For legal reasons, we may disclose personal data to third parties if access to personal data and its use is reasonably necessary: (i) to comply with any applicable law, regulation, and court order; (ii) to detect, prevent, or address fraud, security or technical issues, or resolve such matters; and (iii) to protect AgeIn or our Users' rights, property, or safety or the general public interest, as required or permitted by law. If possible, we will inform Users of such transfers and processing.

To authorized service providers, we may disclose personal data to authorized service providers who provide services such as data storage, sales, marketing, and customer support on our behalf. In accordance with the commitments in our agreements with service providers, service providers commit to complying with privacy and data security standards at least as stringent as those described in this Privacy Policy.

For other legitimate reasons, if we are a party to a merger, acquisition, or other corporate transaction, we may disclose personal data to third parties involved in that transaction. However, we ensure that all personal data remains confidential in such cases. In this case, we will inform Users of the transfer as soon as reasonably possible, and the processing of personal data may be subject to a different privacy policy.

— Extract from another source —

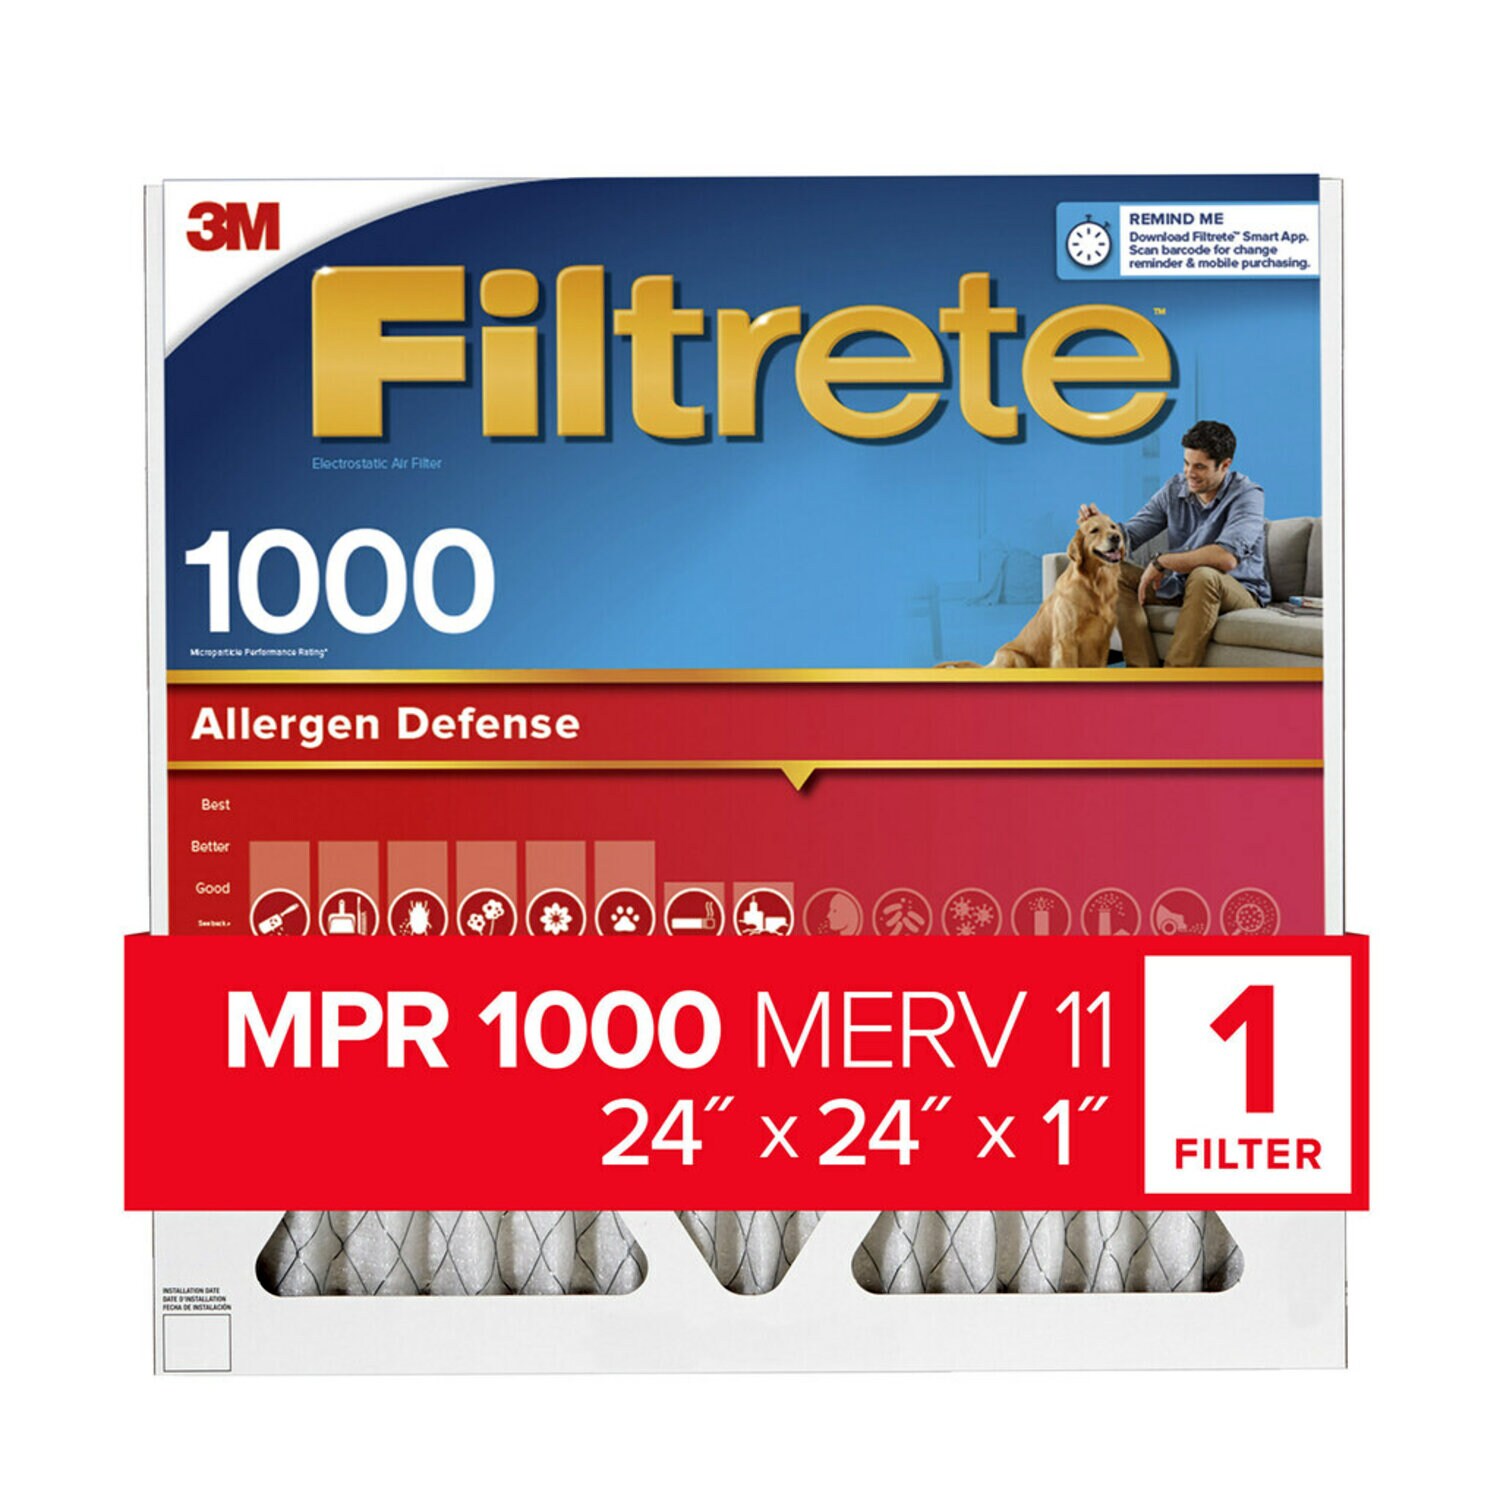 7100192461 - Filtrete Allergen Defense Air Filter, 1000 MPR, AL12-4, 24 in x 24 in x
1 in (60,9 cm x 60,9 cm x 2,5 cm)

With explicit consent, we may disclose personal data to third parties for purposes other than those mentioned above. Users have the right to withdraw such consent at any time.

Retention Period
We do not retain personal data longer than the maximum time allowed and required by law and only as long as necessary to provide the Services or part thereof. The retention period depends on the data's nature and the processing purpose. The maximum retention period may therefore vary case by case. User data related to the use of the Services is deleted as a rule within a reasonable time.

This is the current version of the AgeIn Privacy Policy, updated on November 20, 2023.
AgeIn may, at any time and without notice, modify this Privacy Policy. Such modifications will be operative as of their publication on the Service or when they are notified to users by any means, whichever occurs first. The user must keep informed of the terms included herein by logging in periodically.